**TASK DATA:**
»»

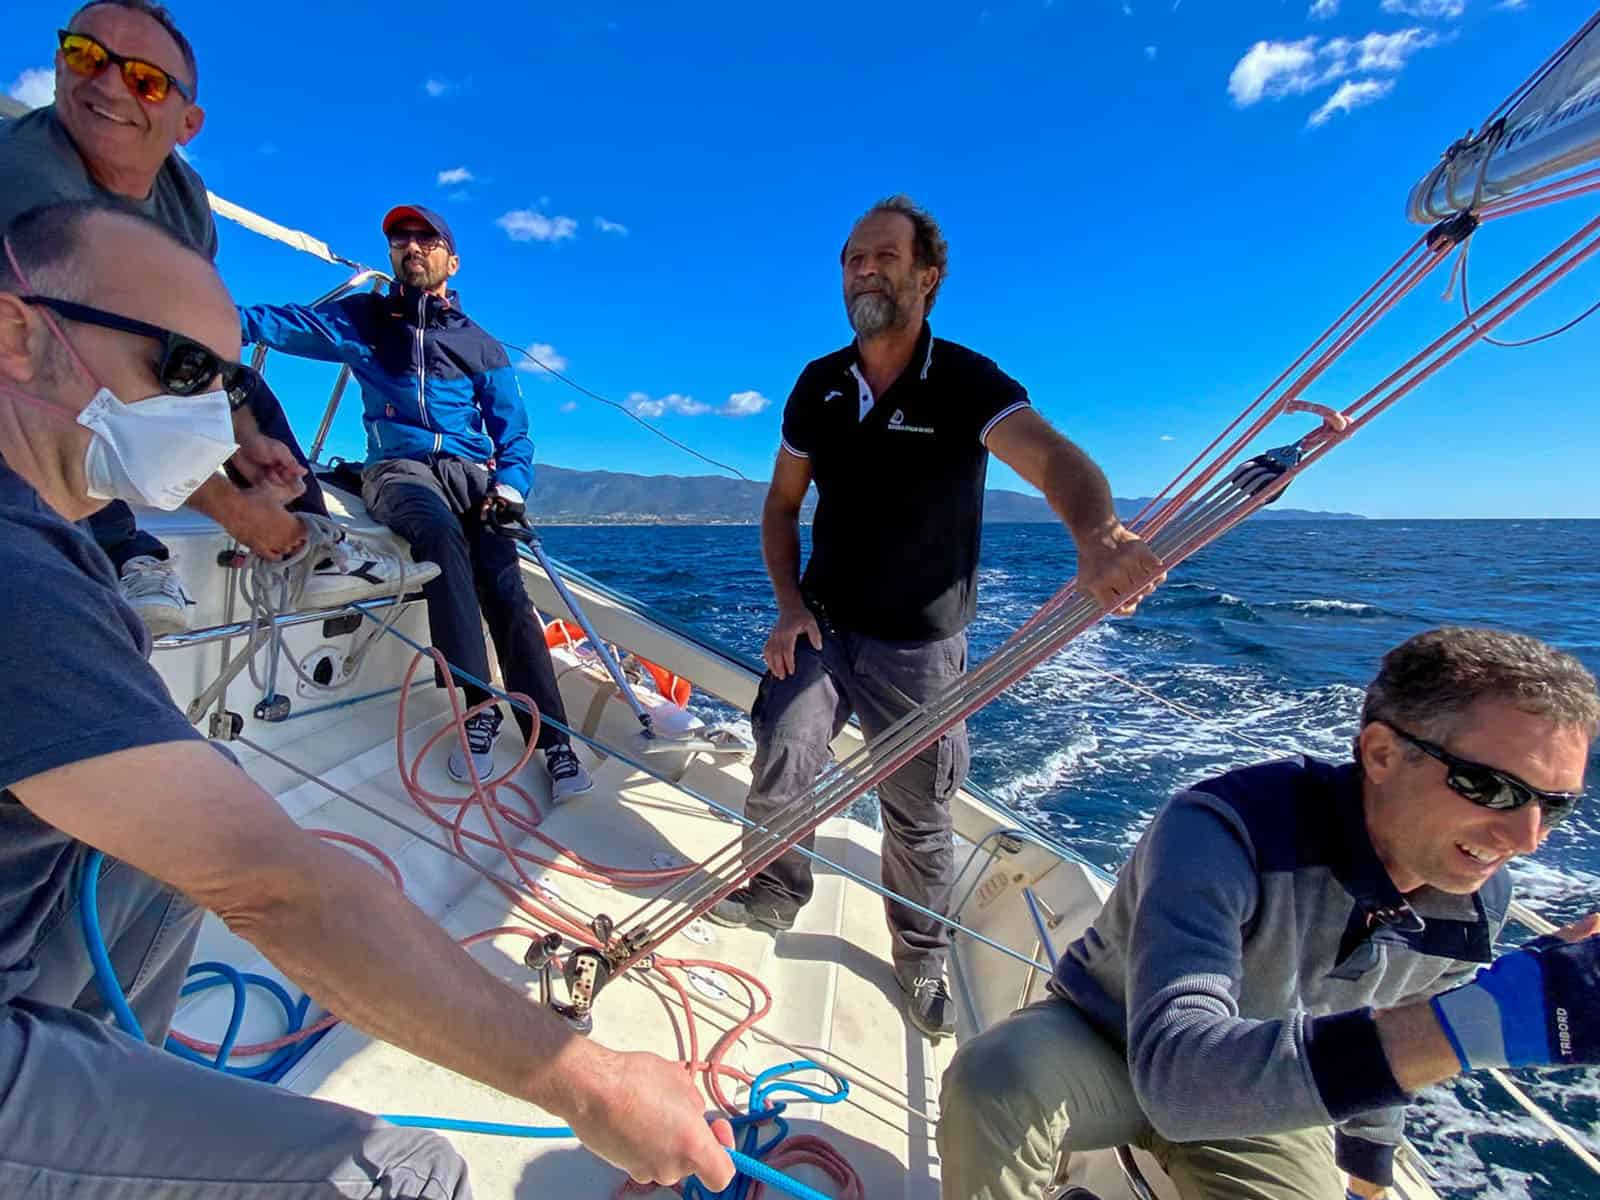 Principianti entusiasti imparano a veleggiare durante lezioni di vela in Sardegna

««
»»

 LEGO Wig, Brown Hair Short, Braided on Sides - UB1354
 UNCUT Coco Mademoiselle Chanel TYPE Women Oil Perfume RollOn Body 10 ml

««

**REQUIREMENT:** Starting with the line above that holds "LEGO Wig, Brown" and stopping with the line that holds "UNCUT Coco Mademoiselle", reproduce each line exactly, omitting all other lines.

**SOLUTION BELOW:**
 LEGO Wig, Brown Hair Short, Braided on Sides - UB1354
 UNCUT Coco Mademoiselle Chanel TYPE Women Oil Perfume RollOn Body 10 ml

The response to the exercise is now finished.